Gimena del Río: “Muchos conocen mi insistencia en comprometernos con unas Humanidades Digitales abiertas, en todo sentido, desde el corpus que trabajamos, al software que usamos, a cómo colaboramos y cómo publicamos nuestras investigaciones. Defender lo abierto en nuestra región agrega valor a nuestro trabajo porque democratiza nuestras investigaciones, las abre a la sociedad, y es también una muestra de que la investigación no siempre tiene que relacionarse con lo privado o lo propietario”.

Elena León: “También puede significar un acercamiento distinto a las herramientas digitales que no estén mediadas por certificaciones y la burocratización de dichas habilidades técnicas. Pero, creo que la reflexión en torno a las bondades del software libre en relación con la investigación y el desarrollo del pensamiento crítico, característico de la actividad de los humanistas, requiere ser reflexionado con mayor profundidad, y no atribuir a un sistema operativo cualidades revolucionarias, de liberación y democratización per se“.

Irene Soria: “El uso de software libre tendría que ser indispensable y necesario para el desarrollo de las humanidades digitales, dada la necesidad de permanencia en el tiempo, libre acceso a un grupo mayor de personas, y libertad para modificar y crear colaborativamente nuestra propia historia digital”.

¿Por qué es importante que haya una línea de trabajo sobre Género en las Humanidades Digitales?

Ernesto Priani: “Me parece natural que el trabajo sobre cuestiones de Género, que es una de las cuestiones sociales y académicas de mayor importancia en nuestros días, forme parte de las inquietudes de las y los humanistas digitales.

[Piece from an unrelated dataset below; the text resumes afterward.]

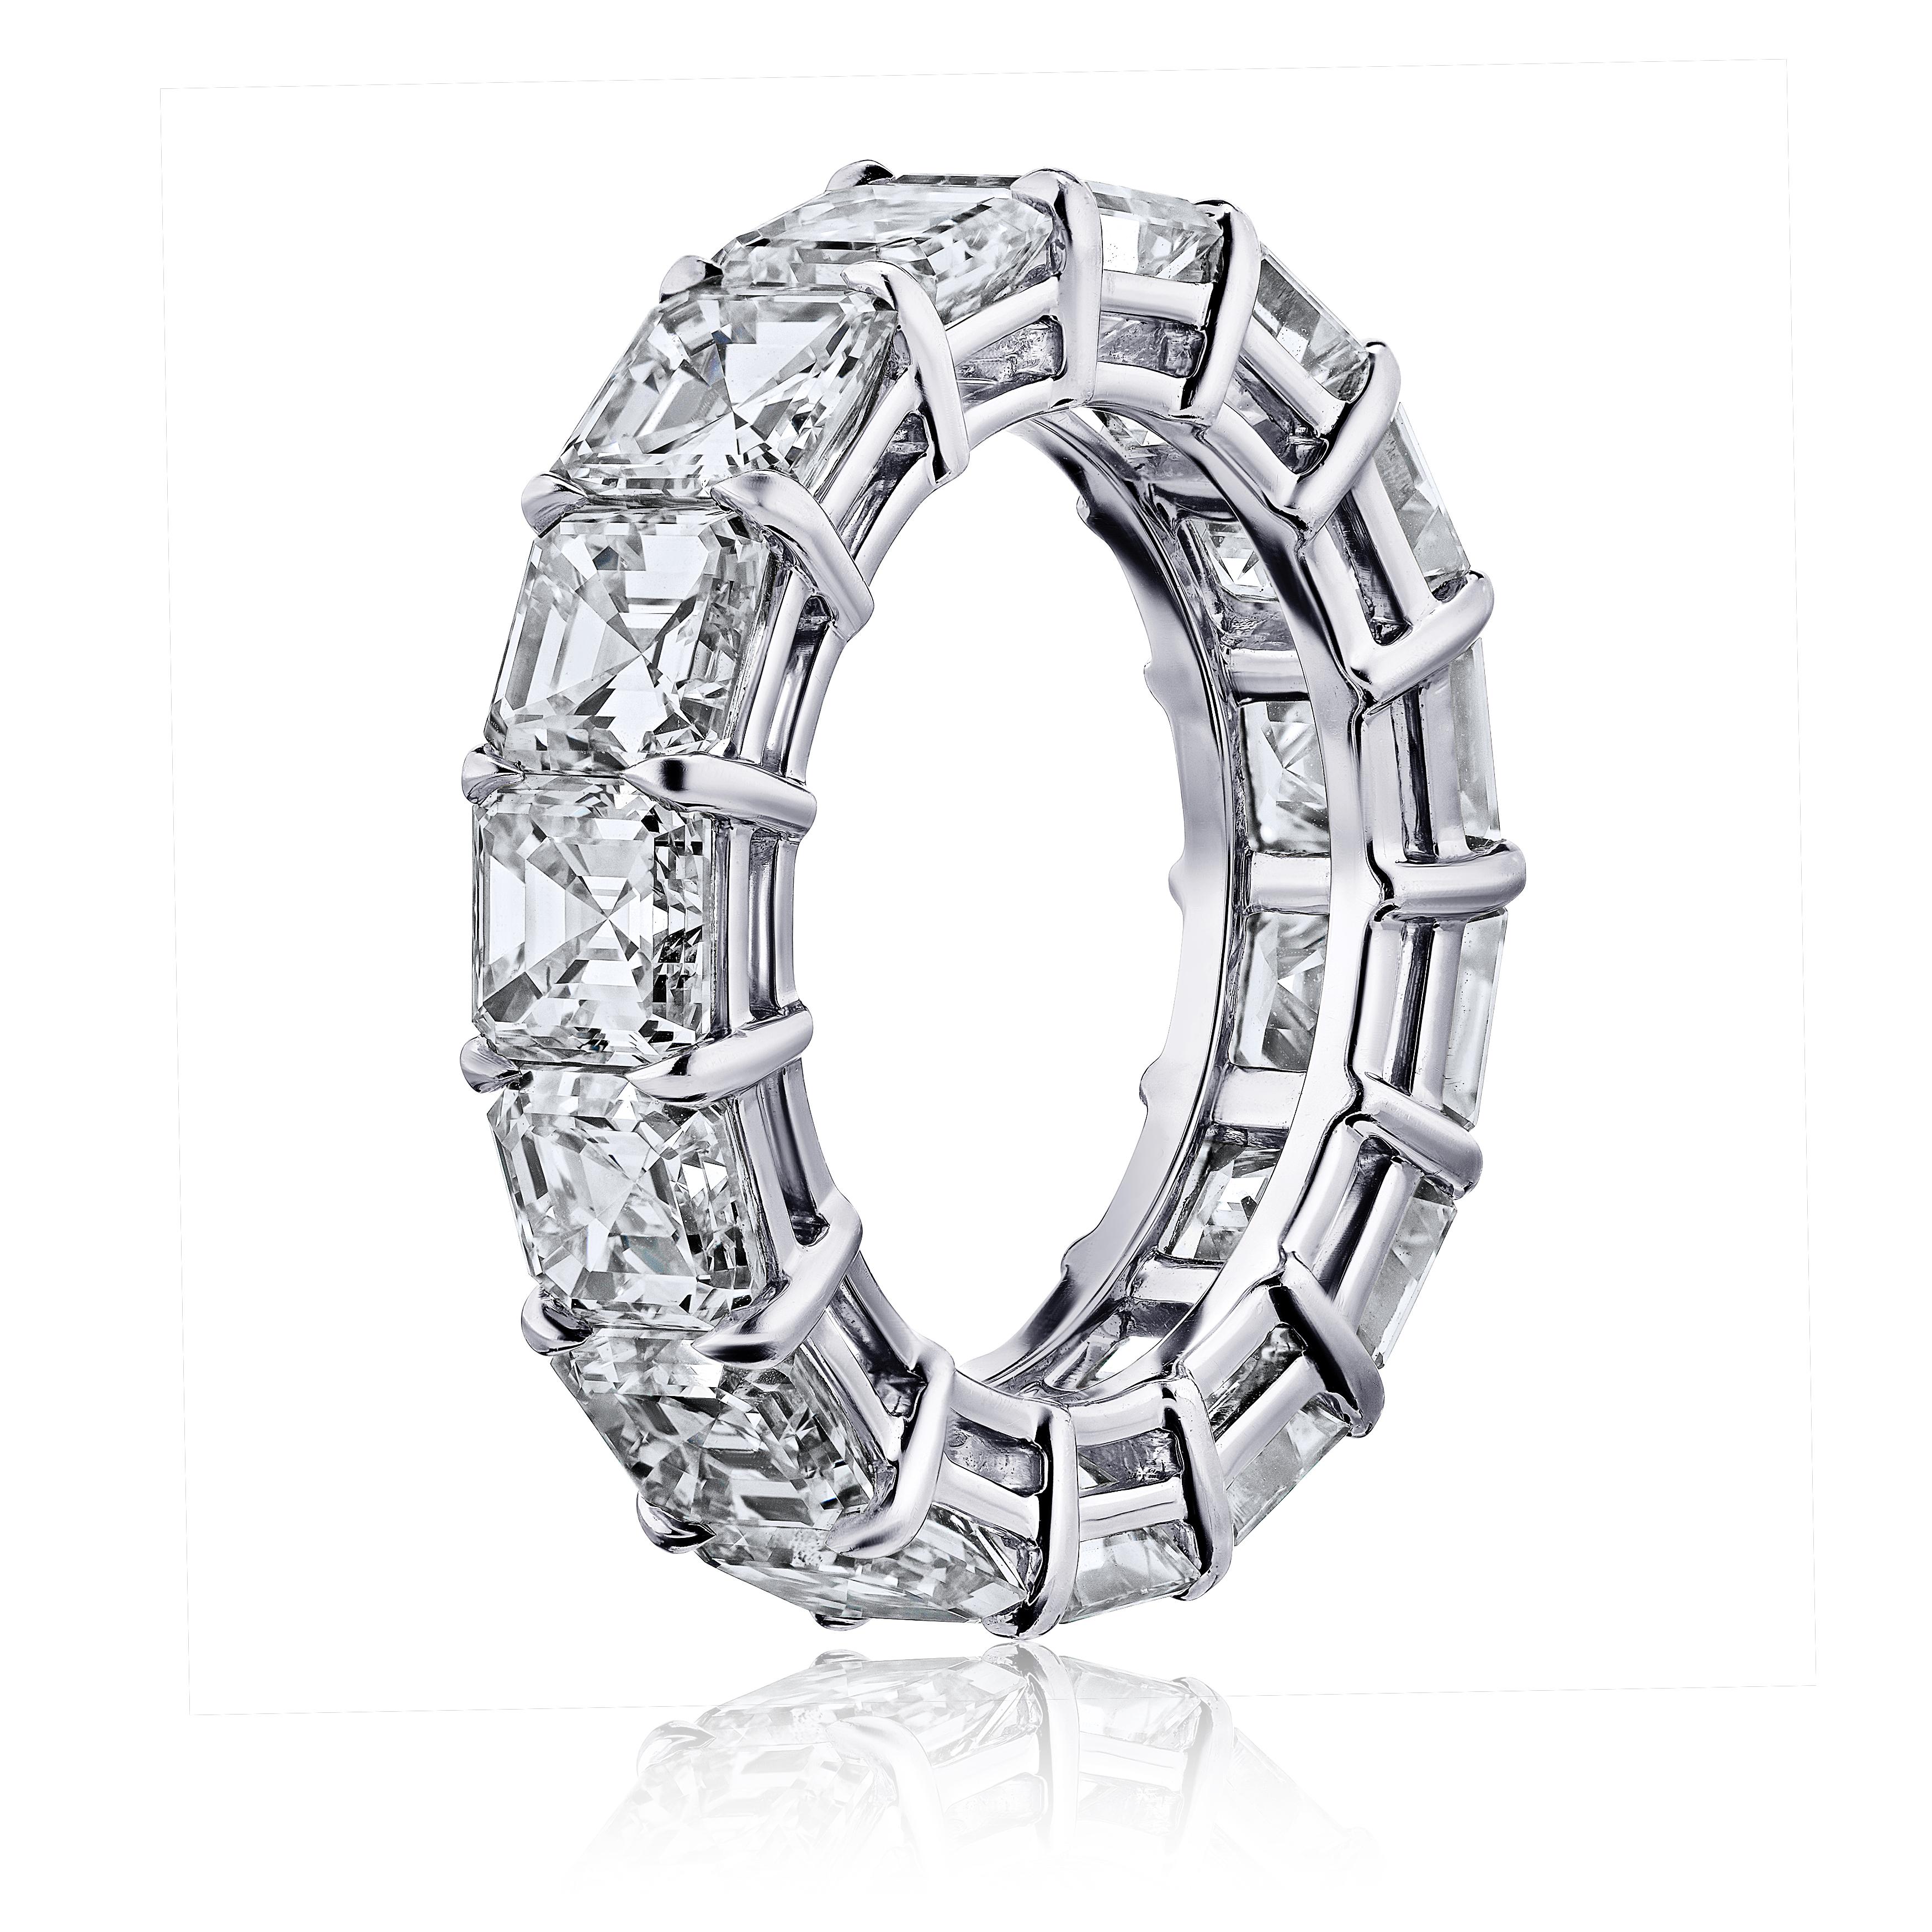 Asher Cut diamond ring platinum eternity band shared prong style with a gallery.
16 perfectly matched diamonds weighing a minimum of 6.75 cts. G.I.A certificates for each diamond . Ranging from D-F in color . VVS1-VS2 in clarity . Finger size 7.

La comunidad de las humanidades digitales ha mostrado siempre un enorme interés por la inclusión de comunidades sub-representadas o excluidas por las más diversas razones. El énfasis en los estudios de género, es parte de esa cultura y esa ética de las HD”.

Gimena del Río: “Porque visibiliza las condiciones históricas en las que trabajamos en la academia, pone en discusión las desigualdades y, a la vez nos obliga a comprometernos con la equidad (…) Si estamos constantemente repitiendo que las HD buscan la innovación en el modo en el que plantean la investigación científica, en los métodos y en la colaboración, también tenemos que reflexionar en el modo en el que las HD pueden oponerse a los discursos hegemónicos, verticalistas y sesgados que, lamentablemente, siguen tiñendo el mundo académico”.

Elena León: “Más allá de lo numérico, es importante que las dinámicas de equidad se den en cualquiera de las líneas de las HD para que las mujeres puedan ejercer el pensamiento y participar de las investigaciones, y que su trabajo sea discutido y valorado, sin necesidad de que se le etiquete como cuota de género. Por lo tanto, creo que el problema es más complicado”.

Irene Soria: “Más que una línea de género, considero necesaria la postura de la teoría feminista, no sólo en las HD, sino en todas las disciplinas del conocimiento, ya que el Feminismo ofrece una postura crítica en la manera en la que se genera la ciencia, la historia, las artes, etcétera. El feminismo ofrecería a las Humanidades Digitales, no sólo el enfoque necesario para visibilizar la brecha digital por razones de género, sino que ayudaría a detectar nuevas formas de pensar los “saber-hacer” en las prácticas de las mujeres que durante siglos ha estado negado al ejercicio, uso y generación de la tecnología”.

Ojalá estos comentarios nos hagan reflexionar sobre lo que sigue. Nos vemos pronto.